Give the data back exactly as it stands.

▶ [INPUT DATA]
:::::

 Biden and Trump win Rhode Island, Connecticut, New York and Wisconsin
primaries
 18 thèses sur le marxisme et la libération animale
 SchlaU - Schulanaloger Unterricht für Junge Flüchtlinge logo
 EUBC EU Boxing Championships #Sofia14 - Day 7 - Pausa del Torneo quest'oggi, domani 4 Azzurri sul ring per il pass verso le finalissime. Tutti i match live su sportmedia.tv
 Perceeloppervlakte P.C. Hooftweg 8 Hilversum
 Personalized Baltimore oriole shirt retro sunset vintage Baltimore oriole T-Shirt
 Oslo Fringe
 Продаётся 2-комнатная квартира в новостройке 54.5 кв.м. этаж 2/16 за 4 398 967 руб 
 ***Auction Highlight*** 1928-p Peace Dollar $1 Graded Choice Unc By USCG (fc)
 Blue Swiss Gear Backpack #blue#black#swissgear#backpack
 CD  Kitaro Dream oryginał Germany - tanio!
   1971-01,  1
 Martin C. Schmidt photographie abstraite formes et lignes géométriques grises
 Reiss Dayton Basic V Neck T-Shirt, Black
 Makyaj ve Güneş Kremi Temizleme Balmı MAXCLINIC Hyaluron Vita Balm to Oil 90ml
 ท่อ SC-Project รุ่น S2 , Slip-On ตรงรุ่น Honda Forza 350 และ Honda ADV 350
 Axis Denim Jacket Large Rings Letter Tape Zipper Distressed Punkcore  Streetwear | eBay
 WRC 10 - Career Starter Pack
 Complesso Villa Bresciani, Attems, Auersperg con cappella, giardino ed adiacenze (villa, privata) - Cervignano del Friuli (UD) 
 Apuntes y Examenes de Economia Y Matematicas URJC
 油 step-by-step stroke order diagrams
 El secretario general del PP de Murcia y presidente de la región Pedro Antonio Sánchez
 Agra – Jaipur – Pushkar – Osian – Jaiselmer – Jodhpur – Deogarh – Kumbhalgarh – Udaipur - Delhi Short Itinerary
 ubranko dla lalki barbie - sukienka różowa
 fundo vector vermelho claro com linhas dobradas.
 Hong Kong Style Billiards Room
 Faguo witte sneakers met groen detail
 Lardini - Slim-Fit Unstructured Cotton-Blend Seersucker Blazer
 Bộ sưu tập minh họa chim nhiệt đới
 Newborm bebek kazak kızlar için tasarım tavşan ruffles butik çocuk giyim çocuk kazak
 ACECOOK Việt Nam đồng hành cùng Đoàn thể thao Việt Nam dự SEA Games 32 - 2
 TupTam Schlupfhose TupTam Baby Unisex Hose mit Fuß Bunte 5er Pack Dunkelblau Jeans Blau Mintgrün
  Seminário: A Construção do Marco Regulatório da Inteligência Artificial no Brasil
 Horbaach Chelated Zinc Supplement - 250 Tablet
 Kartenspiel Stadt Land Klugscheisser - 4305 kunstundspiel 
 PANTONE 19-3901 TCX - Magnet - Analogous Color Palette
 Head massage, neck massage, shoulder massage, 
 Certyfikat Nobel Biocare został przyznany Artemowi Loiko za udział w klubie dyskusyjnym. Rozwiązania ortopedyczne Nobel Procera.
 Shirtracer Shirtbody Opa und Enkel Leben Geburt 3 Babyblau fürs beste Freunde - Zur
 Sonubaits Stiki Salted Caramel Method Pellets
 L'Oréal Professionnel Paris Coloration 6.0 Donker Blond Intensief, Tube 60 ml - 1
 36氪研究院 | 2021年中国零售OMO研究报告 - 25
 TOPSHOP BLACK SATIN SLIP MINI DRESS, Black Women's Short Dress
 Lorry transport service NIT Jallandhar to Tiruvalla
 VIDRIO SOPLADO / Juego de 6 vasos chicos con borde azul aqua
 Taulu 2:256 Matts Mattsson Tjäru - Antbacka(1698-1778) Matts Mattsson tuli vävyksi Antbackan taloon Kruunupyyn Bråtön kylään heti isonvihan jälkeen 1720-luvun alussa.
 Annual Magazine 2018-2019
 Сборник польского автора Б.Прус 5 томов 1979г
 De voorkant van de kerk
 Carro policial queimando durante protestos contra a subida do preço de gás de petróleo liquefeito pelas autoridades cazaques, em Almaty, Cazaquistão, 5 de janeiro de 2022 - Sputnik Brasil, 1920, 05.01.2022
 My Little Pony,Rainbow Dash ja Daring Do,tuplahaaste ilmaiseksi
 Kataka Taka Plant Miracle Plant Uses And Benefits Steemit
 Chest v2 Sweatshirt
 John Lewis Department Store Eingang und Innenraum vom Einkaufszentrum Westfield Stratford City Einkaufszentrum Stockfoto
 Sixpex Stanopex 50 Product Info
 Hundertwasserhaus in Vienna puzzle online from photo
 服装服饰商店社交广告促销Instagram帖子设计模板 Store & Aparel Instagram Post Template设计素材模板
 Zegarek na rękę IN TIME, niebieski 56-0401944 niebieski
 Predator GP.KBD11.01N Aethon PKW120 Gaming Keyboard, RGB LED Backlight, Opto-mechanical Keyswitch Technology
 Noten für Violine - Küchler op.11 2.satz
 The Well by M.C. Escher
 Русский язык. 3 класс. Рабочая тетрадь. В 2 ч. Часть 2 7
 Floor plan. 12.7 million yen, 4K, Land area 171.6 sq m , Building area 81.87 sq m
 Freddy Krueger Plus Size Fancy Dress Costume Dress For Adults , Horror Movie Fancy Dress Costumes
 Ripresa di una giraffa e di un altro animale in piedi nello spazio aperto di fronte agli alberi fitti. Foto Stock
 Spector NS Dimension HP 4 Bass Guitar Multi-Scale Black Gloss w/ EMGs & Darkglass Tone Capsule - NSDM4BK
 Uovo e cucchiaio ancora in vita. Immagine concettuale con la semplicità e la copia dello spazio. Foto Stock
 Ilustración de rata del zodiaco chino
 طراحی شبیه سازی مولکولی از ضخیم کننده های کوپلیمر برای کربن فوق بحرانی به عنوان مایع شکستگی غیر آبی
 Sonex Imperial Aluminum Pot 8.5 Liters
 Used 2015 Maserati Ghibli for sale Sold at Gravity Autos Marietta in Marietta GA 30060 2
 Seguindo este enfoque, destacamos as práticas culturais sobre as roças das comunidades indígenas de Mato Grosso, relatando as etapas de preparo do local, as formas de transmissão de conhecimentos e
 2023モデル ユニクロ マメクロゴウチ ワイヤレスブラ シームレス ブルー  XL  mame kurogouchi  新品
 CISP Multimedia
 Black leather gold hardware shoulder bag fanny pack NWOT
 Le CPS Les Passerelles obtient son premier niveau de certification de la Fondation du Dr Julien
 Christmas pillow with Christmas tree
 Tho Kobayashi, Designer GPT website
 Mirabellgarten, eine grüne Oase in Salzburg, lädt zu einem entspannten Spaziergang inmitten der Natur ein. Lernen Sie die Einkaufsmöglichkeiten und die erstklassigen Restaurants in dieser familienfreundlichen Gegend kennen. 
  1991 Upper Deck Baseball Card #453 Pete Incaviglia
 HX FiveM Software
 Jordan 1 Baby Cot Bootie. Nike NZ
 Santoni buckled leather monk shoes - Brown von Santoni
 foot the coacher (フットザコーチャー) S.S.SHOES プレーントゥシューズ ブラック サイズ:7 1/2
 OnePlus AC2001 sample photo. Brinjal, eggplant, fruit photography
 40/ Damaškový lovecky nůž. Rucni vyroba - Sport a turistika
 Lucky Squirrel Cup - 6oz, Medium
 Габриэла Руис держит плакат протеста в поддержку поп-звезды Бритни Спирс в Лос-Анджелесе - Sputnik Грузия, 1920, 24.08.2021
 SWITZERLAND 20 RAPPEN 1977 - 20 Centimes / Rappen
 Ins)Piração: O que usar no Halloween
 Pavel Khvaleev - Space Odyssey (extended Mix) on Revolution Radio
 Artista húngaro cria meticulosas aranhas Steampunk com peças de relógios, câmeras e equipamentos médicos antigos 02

:::::

▶ [SOLUTION TO THIS PROBLEM]
 Biden and Trump win Rhode Island, Connecticut, New York and Wisconsin
primaries
 18 thèses sur le marxisme et la libération animale
 SchlaU - Schulanaloger Unterricht für Junge Flüchtlinge logo
 EUBC EU Boxing Championships #Sofia14 - Day 7 - Pausa del Torneo quest'oggi, domani 4 Azzurri sul ring per il pass verso le finalissime. Tutti i match live su sportmedia.tv
 Perceeloppervlakte P.C. Hooftweg 8 Hilversum
 Personalized Baltimore oriole shirt retro sunset vintage Baltimore oriole T-Shirt
 Oslo Fringe
 Продаётся 2-комнатная квартира в новостройке 54.5 кв.м. этаж 2/16 за 4 398 967 руб 
 ***Auction Highlight*** 1928-p Peace Dollar $1 Graded Choice Unc By USCG (fc)
 Blue Swiss Gear Backpack #blue#black#swissgear#backpack
 CD  Kitaro Dream oryginał Germany - tanio!
   1971-01,  1
 Martin C. Schmidt photographie abstraite formes et lignes géométriques grises
 Reiss Dayton Basic V Neck T-Shirt, Black
 Makyaj ve Güneş Kremi Temizleme Balmı MAXCLINIC Hyaluron Vita Balm to Oil 90ml
 ท่อ SC-Project รุ่น S2 , Slip-On ตรงรุ่น Honda Forza 350 และ Honda ADV 350
 Axis Denim Jacket Large Rings Letter Tape Zipper Distressed Punkcore  Streetwear | eBay
 WRC 10 - Career Starter Pack
 Complesso Villa Bresciani, Attems, Auersperg con cappella, giardino ed adiacenze (villa, privata) - Cervignano del Friuli (UD) 
 Apuntes y Examenes de Economia Y Matematicas URJC
 油 step-by-step stroke order diagrams
 El secretario general del PP de Murcia y presidente de la región Pedro Antonio Sánchez
 Agra – Jaipur – Pushkar – Osian – Jaiselmer – Jodhpur – Deogarh – Kumbhalgarh – Udaipur - Delhi Short Itinerary
 ubranko dla lalki barbie - sukienka różowa
 fundo vector vermelho claro com linhas dobradas.
 Hong Kong Style Billiards Room
 Faguo witte sneakers met groen detail
 Lardini - Slim-Fit Unstructured Cotton-Blend Seersucker Blazer
 Bộ sưu tập minh họa chim nhiệt đới
 Newborm bebek kazak kızlar için tasarım tavşan ruffles butik çocuk giyim çocuk kazak
 ACECOOK Việt Nam đồng hành cùng Đoàn thể thao Việt Nam dự SEA Games 32 - 2
 TupTam Schlupfhose TupTam Baby Unisex Hose mit Fuß Bunte 5er Pack Dunkelblau Jeans Blau Mintgrün
  Seminário: A Construção do Marco Regulatório da Inteligência Artificial no Brasil
 Horbaach Chelated Zinc Supplement - 250 Tablet
 Kartenspiel Stadt Land Klugscheisser - 4305 kunstundspiel 
 PANTONE 19-3901 TCX - Magnet - Analogous Color Palette
 Head massage, neck massage, shoulder massage, 
 Certyfikat Nobel Biocare został przyznany Artemowi Loiko za udział w klubie dyskusyjnym. Rozwiązania ortopedyczne Nobel Procera.
 Shirtracer Shirtbody Opa und Enkel Leben Geburt 3 Babyblau fürs beste Freunde - Zur
 Sonubaits Stiki Salted Caramel Method Pellets
 L'Oréal Professionnel Paris Coloration 6.0 Donker Blond Intensief, Tube 60 ml - 1
 36氪研究院 | 2021年中国零售OMO研究报告 - 25
 TOPSHOP BLACK SATIN SLIP MINI DRESS, Black Women's Short Dress
 Lorry transport service NIT Jallandhar to Tiruvalla
 VIDRIO SOPLADO / Juego de 6 vasos chicos con borde azul aqua
 Taulu 2:256 Matts Mattsson Tjäru - Antbacka(1698-1778) Matts Mattsson tuli vävyksi Antbackan taloon Kruunupyyn Bråtön kylään heti isonvihan jälkeen 1720-luvun alussa.
 Annual Magazine 2018-2019
 Сборник польского автора Б.Прус 5 томов 1979г
 De voorkant van de kerk
 Carro policial queimando durante protestos contra a subida do preço de gás de petróleo liquefeito pelas autoridades cazaques, em Almaty, Cazaquistão, 5 de janeiro de 2022 - Sputnik Brasil, 1920, 05.01.2022
 My Little Pony,Rainbow Dash ja Daring Do,tuplahaaste ilmaiseksi
 Kataka Taka Plant Miracle Plant Uses And Benefits Steemit
 Chest v2 Sweatshirt
 John Lewis Department Store Eingang und Innenraum vom Einkaufszentrum Westfield Stratford City Einkaufszentrum Stockfoto
 Sixpex Stanopex 50 Product Info
 Hundertwasserhaus in Vienna puzzle online from photo
 服装服饰商店社交广告促销Instagram帖子设计模板 Store & Aparel Instagram Post Template设计素材模板
 Zegarek na rękę IN TIME, niebieski 56-0401944 niebieski
 Predator GP.KBD11.01N Aethon PKW120 Gaming Keyboard, RGB LED Backlight, Opto-mechanical Keyswitch Technology
 Noten für Violine - Küchler op.11 2.satz
 The Well by M.C. Escher
 Русский язык. 3 класс. Рабочая тетрадь. В 2 ч. Часть 2 7
 Floor plan. 12.7 million yen, 4K, Land area 171.6 sq m , Building area 81.87 sq m
 Freddy Krueger Plus Size Fancy Dress Costume Dress For Adults , Horror Movie Fancy Dress Costumes
 Ripresa di una giraffa e di un altro animale in piedi nello spazio aperto di fronte agli alberi fitti. Foto Stock
 Spector NS Dimension HP 4 Bass Guitar Multi-Scale Black Gloss w/ EMGs & Darkglass Tone Capsule - NSDM4BK
 Uovo e cucchiaio ancora in vita. Immagine concettuale con la semplicità e la copia dello spazio. Foto Stock
 Ilustración de rata del zodiaco chino
 طراحی شبیه سازی مولکولی از ضخیم کننده های کوپلیمر برای کربن فوق بحرانی به عنوان مایع شکستگی غیر آبی
 Sonex Imperial Aluminum Pot 8.5 Liters
 Used 2015 Maserati Ghibli for sale Sold at Gravity Autos Marietta in Marietta GA 30060 2
 Seguindo este enfoque, destacamos as práticas culturais sobre as roças das comunidades indígenas de Mato Grosso, relatando as etapas de preparo do local, as formas de transmissão de conhecimentos e
 2023モデル ユニクロ マメクロゴウチ ワイヤレスブラ シームレス ブルー  XL  mame kurogouchi  新品
 CISP Multimedia
 Black leather gold hardware shoulder bag fanny pack NWOT
 Le CPS Les Passerelles obtient son premier niveau de certification de la Fondation du Dr Julien
 Christmas pillow with Christmas tree
 Tho Kobayashi, Designer GPT website
 Mirabellgarten, eine grüne Oase in Salzburg, lädt zu einem entspannten Spaziergang inmitten der Natur ein. Lernen Sie die Einkaufsmöglichkeiten und die erstklassigen Restaurants in dieser familienfreundlichen Gegend kennen. 
  1991 Upper Deck Baseball Card #453 Pete Incaviglia
 HX FiveM Software
 Jordan 1 Baby Cot Bootie. Nike NZ
 Santoni buckled leather monk shoes - Brown von Santoni
 foot the coacher (フットザコーチャー) S.S.SHOES プレーントゥシューズ ブラック サイズ:7 1/2
 OnePlus AC2001 sample photo. Brinjal, eggplant, fruit photography
 40/ Damaškový lovecky nůž. Rucni vyroba - Sport a turistika
 Lucky Squirrel Cup - 6oz, Medium
 Габриэла Руис держит плакат протеста в поддержку поп-звезды Бритни Спирс в Лос-Анджелесе - Sputnik Грузия, 1920, 24.08.2021
 SWITZERLAND 20 RAPPEN 1977 - 20 Centimes / Rappen
 Ins)Piração: O que usar no Halloween
 Pavel Khvaleev - Space Odyssey (extended Mix) on Revolution Radio
 Artista húngaro cria meticulosas aranhas Steampunk com peças de relógios, câmeras e equipamentos médicos antigos 02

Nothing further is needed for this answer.